This notion of questioning why we – as people who create things, imagine things, build things and dream things – do what we do, has been playing around in my mind for a while now. Why is it that we push ourselves in this way, warp our minds into the worlds we dream up, stay up late into the early hours of the cold morning still toiling away at our keyboards, drawing boards, tablets and canvases?
Indeed, there is a fire that burns within the creator, the maker of art and literature and poetry and those things that make life worth living for. A burning desire to shape reality to the whims of our imaginations, to concretise the wisps of thought. We’re compelled to see our ideas through to their ends; we’re driven by passion, I guess you could say.
This quote from one of my favourite movies, Dead Poets Society, is perhaps the best way to capture the essence of why some of us prefer to stay up in the solitude of the night, not dreaming but gently luring those dreams into the cool air of this world.

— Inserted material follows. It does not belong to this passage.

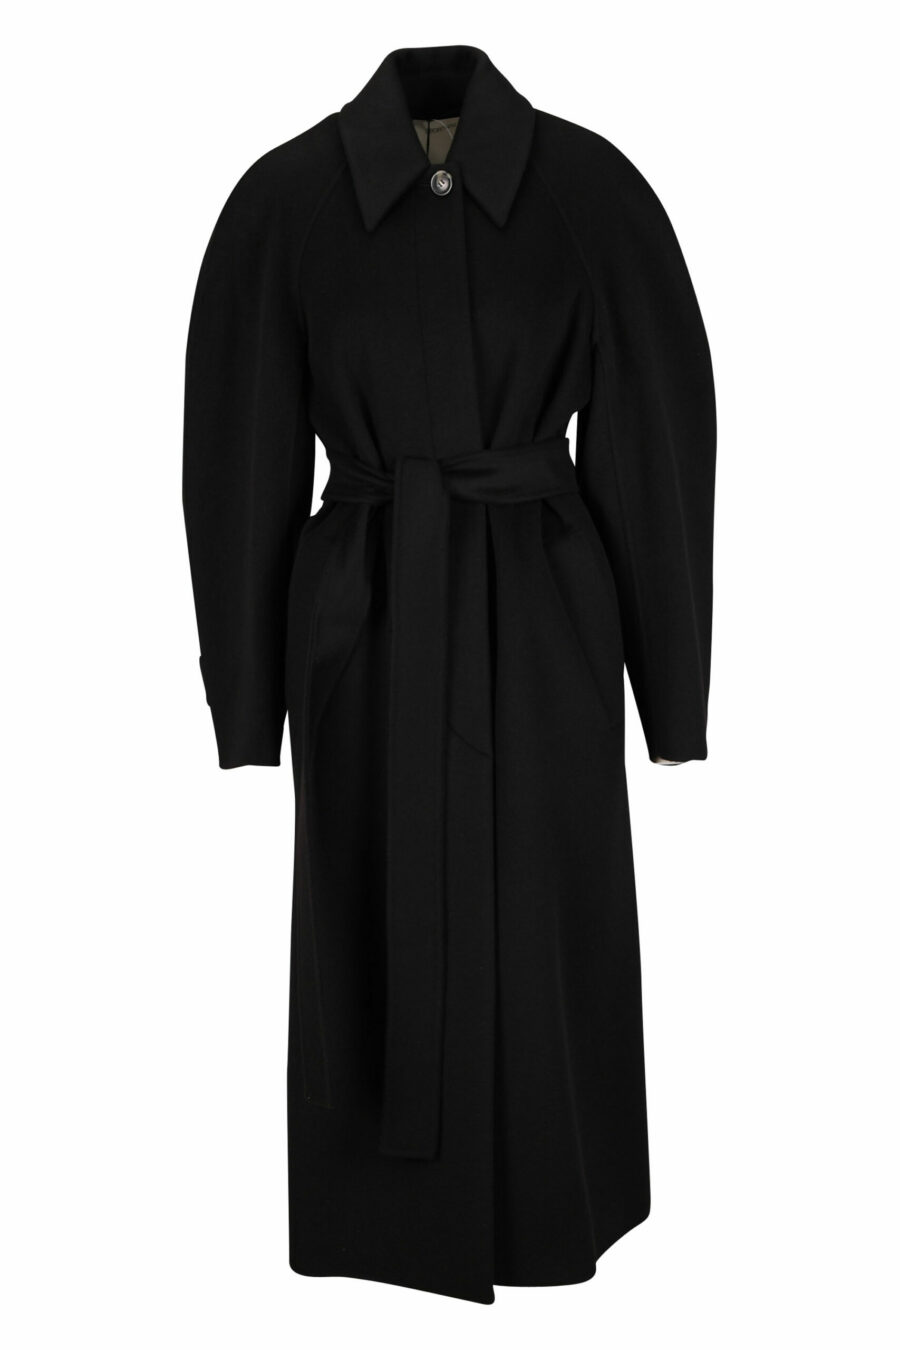 Abrigo negro largo de lana y cashmere - 20110341060042 scaled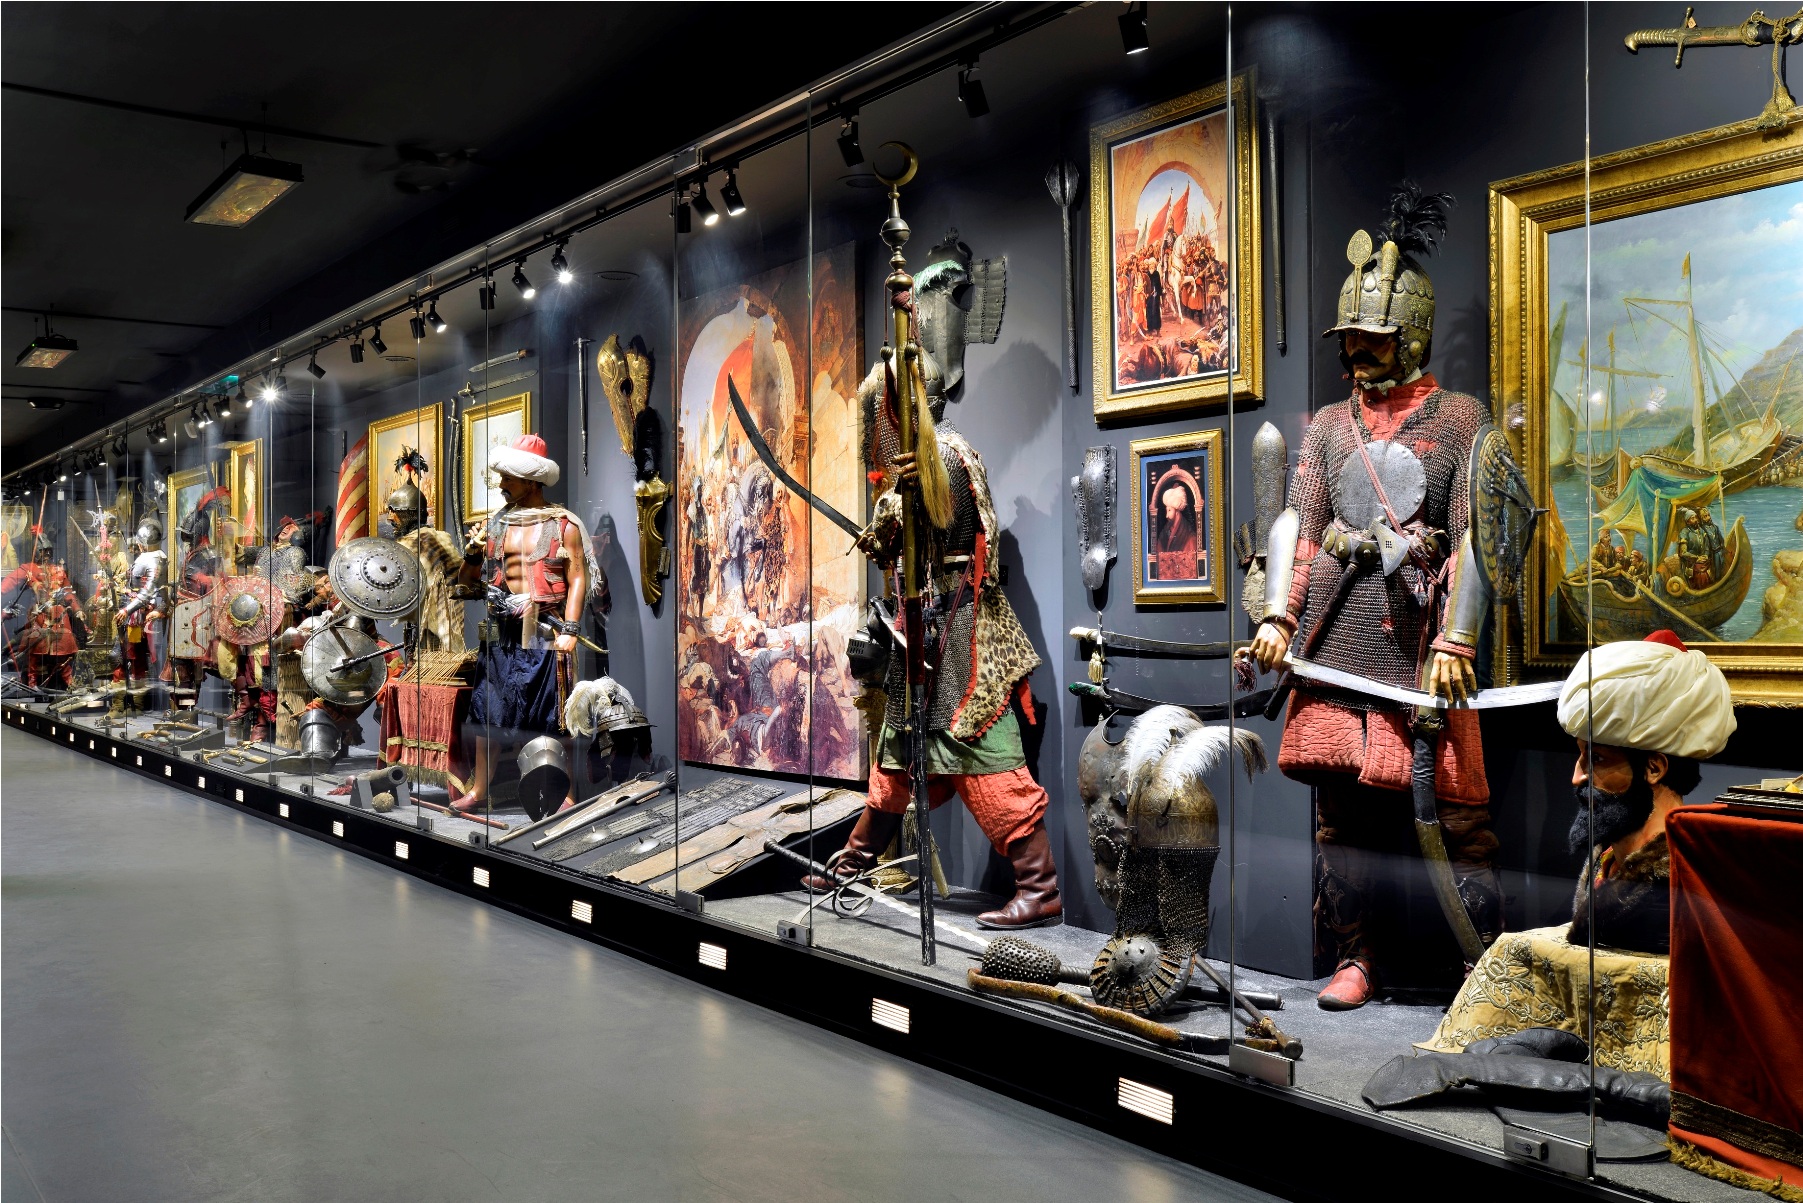 Nejat Çuhadaroğlu Tarafından Hayata Geçirilen Hisart Canlı Tarih Ve Diorama Müzesi 500 Yıllık Bir Tarihe Not Düşüyor

… the human race is filled with passion. And medicine, law, business, engineering, these are noble pursuits and necessary to sustain life. But poetry, beauty, romance, love, these are what we stay alive for. To quote from Whitman, “O me! O life!… of the questions of these recurring; of the endless trains of the faithless… of cities filled with the foolish; what good amid these, O me, O life?” Answer. That you are here – that life exists, and identity; that the powerful play goes on and you may contribute a verse. That the powerful play goes on and you may contribute a verse. What will your verse be?